Scientists Launch Amphibian Ark to Stave Off Frog Extinctions

If zoos, botanical gardens and aquariums take action now, they may be able to halt a worldwide frog extinction.© U.S. Fish & Wildlife Service

Scientists from around the world met last week in Atlanta to kick off the ambitious Amphibian Ark project, a global campaign to protect the world’s vanishing amphibian species from a series of environmental dangers, including a ravenous killer fungus, widespread habitat loss, exposure to pollution and global warming. Project organizers are asking zoos, botanical gardens and aquariums around the world to each take in at least 500 frogs from a threatened local species to protect them from the killer fungus, chytrid, which has circled the globe on the back of one particular African frog species.

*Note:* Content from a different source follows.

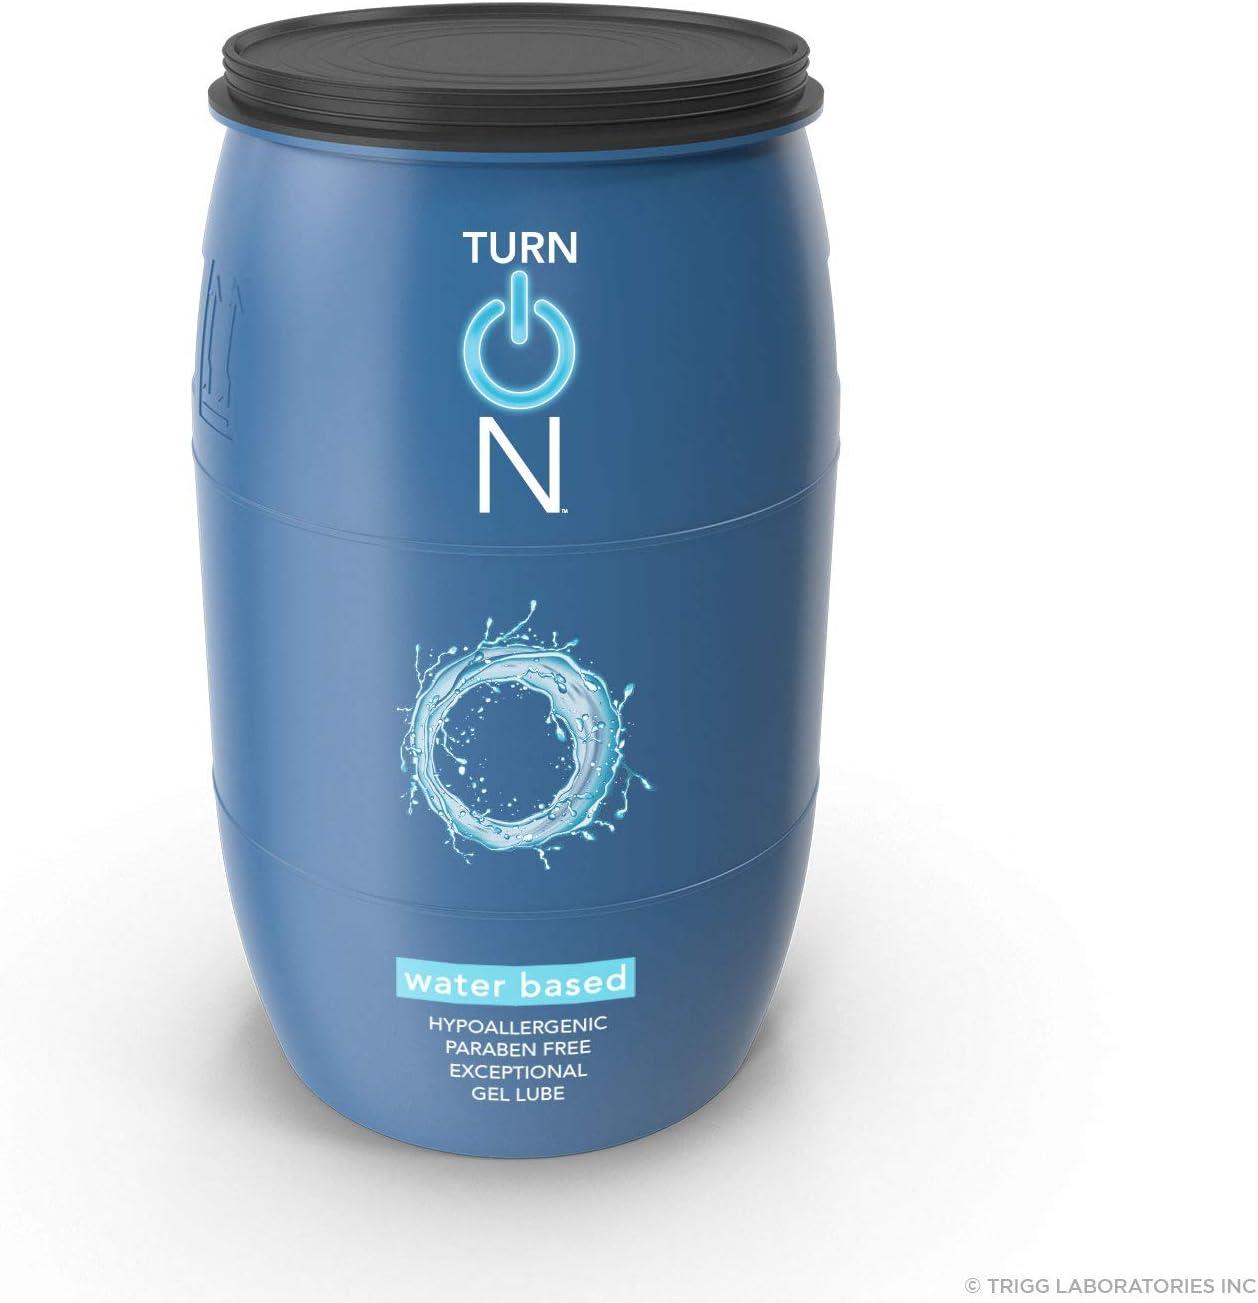 Turn On Water Based Sex Lube Lub Premium 55 Gallon Award Drum Personal 2021 model

Scientists estimate that as many as 170 different species of frogs have gone extinct in the past decade from the fungus and other causes, and an additional 1,900 amphibian species are at immediate risk. Combined environmental threats could wipe out as many as a third of all of the world’s frog species.

As in the biblical fable of Noah’s Ark that the project is named after, the Amphibian Ark is viewed by its creators as a stopgap measure to protect what’s left of amphibian biodiversity before it’s too late. According to the scientists behind the Amphibian Ark, the project buys them time by preventing more species from going extinct while researchers figure out how to stop the spread of chytrid and protect amphibians from other environmental ills.